"Adams' curse" refers to the belief that every other president of the United States from the Adams family has been elected in a year divisible by 20. This curse is linked to the two presidents from the Adams family: John Adams (1797-1801) and John Quincy Adams (1825-1829).
Here's how the curse works:
- John Adams was elected in 1797.
- John Quincy Adams was elected in 1825.
Since then, every other president from the Adams family has been elected in a year divisible by 20:
- John Adams (1797)
- John Quincy Adams (1825)
- No other Adams (1841, 1845, 1849, 1853, 1857, 1861, 1865, 1869, 1873, 1877, 1881, 1885, 1889, 1893, 1897, 1901, 1905, 1909, 1913, 1917, 1921, 1925, 1929, 1933, 1937, 1941, 1945, 1949, 1953, 1957, 1961, 1965, 1969, 1973, 1977, 1981, 1985, 1989, 1993, 1997, 2001, 2005, 2009, 2013, 2017, 2021)

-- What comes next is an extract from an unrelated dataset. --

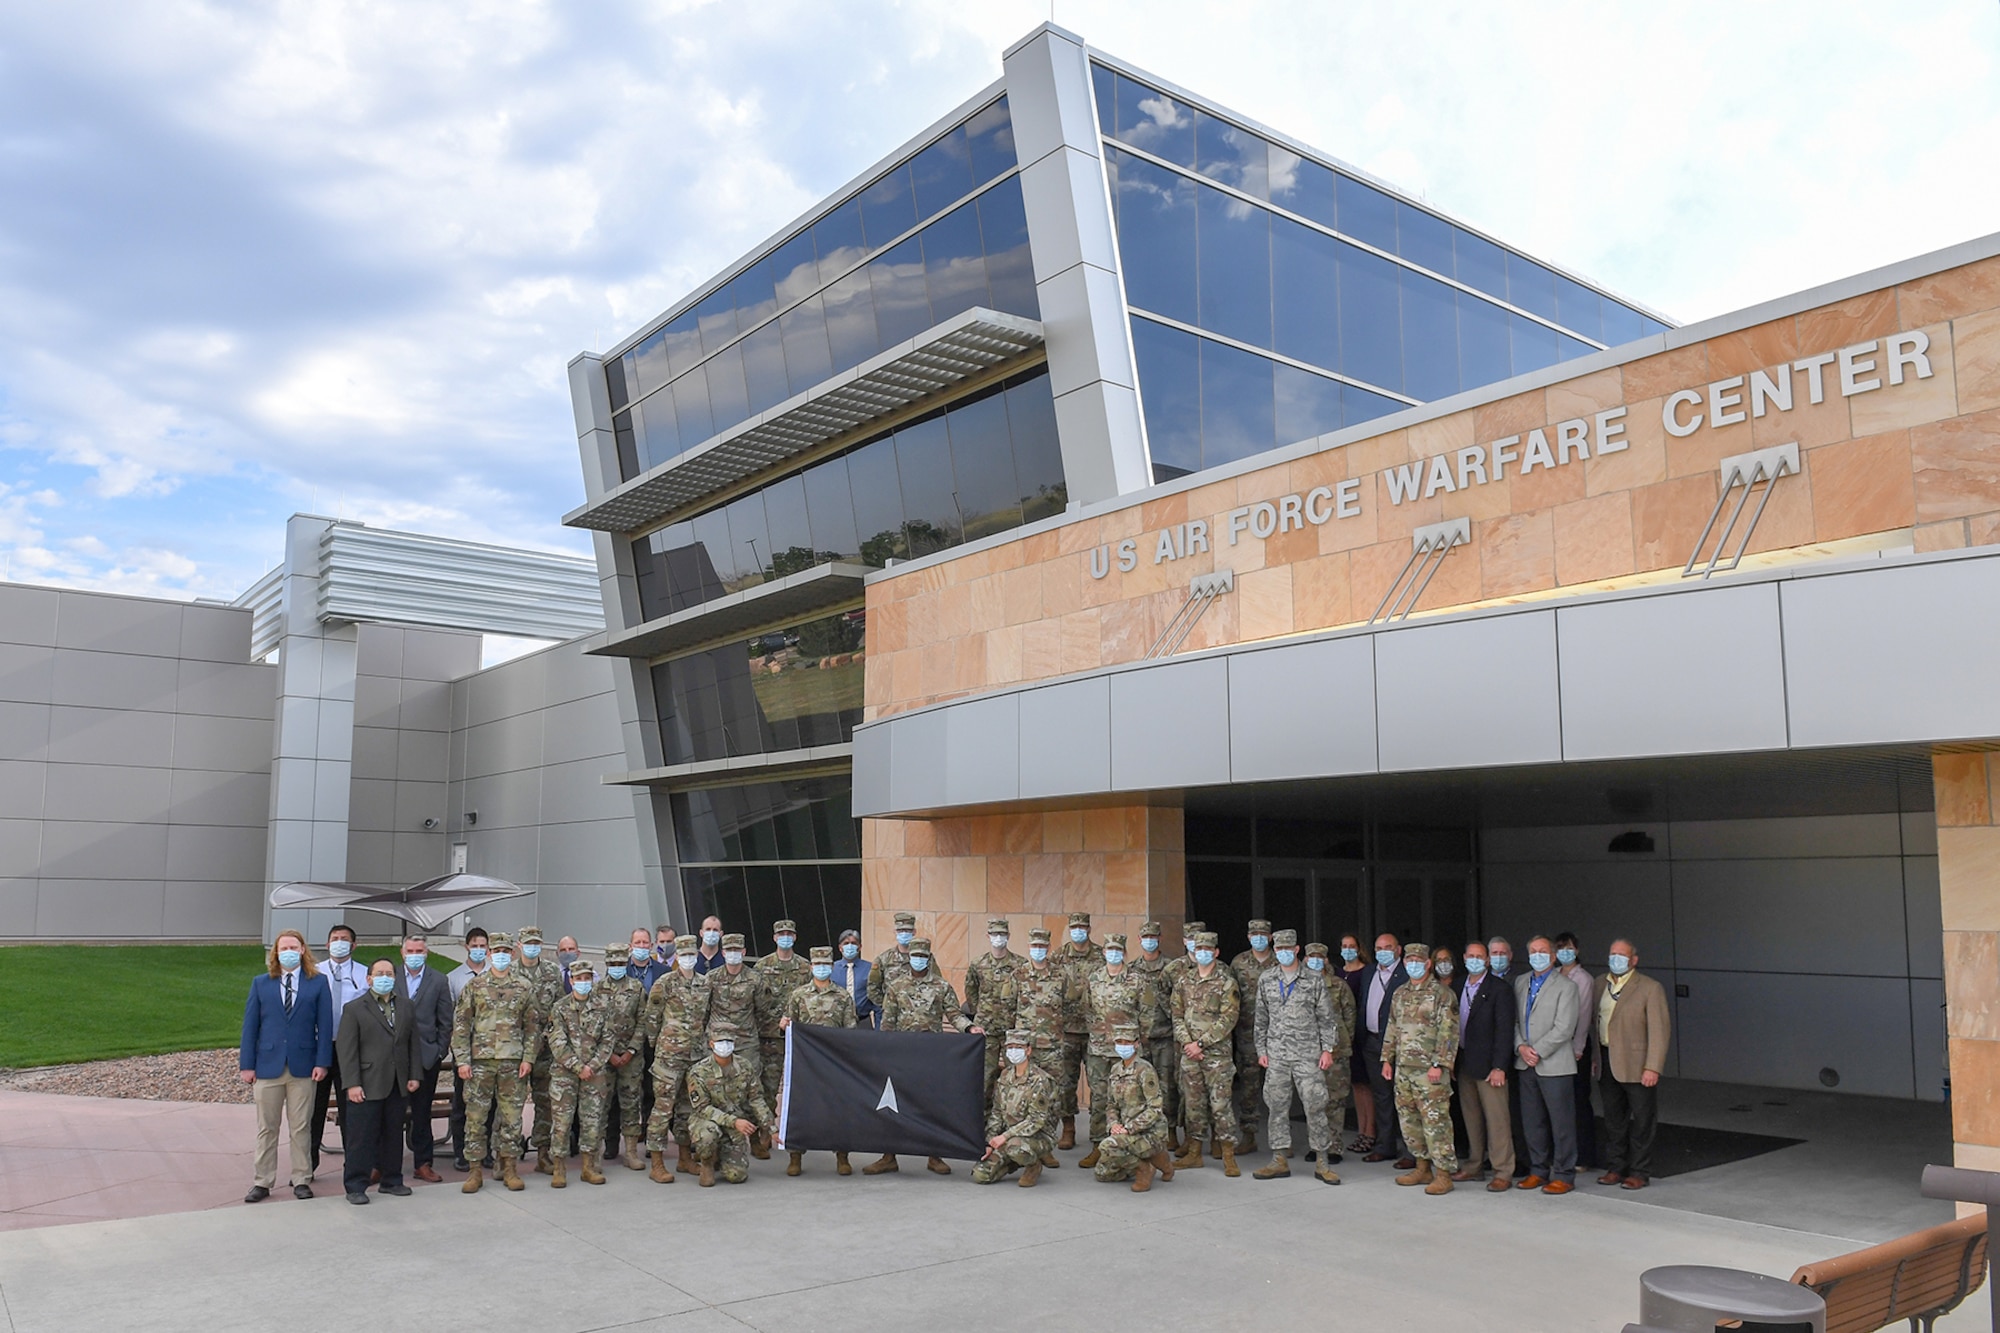 Space Flag 20-3 participants stand in front of the U.S. Air Force Warfare Center at Schriever Air Force Base, Colorado. This was the first Space Flag exercise completed as part of the new Space Training and Readiness

- No other Adams (2025, 2029, 2033, 2037, 2041, 2045, 2049, 2053, 2057, 2061, 2065, 2069, 2073, 2077, 2081, 2085, 2089, 2093, 2097, 2101)
It's important to note that this is a purely coincidental pattern. There's no evidence to suggest any actual curse, and the pattern is likely a result of random chance.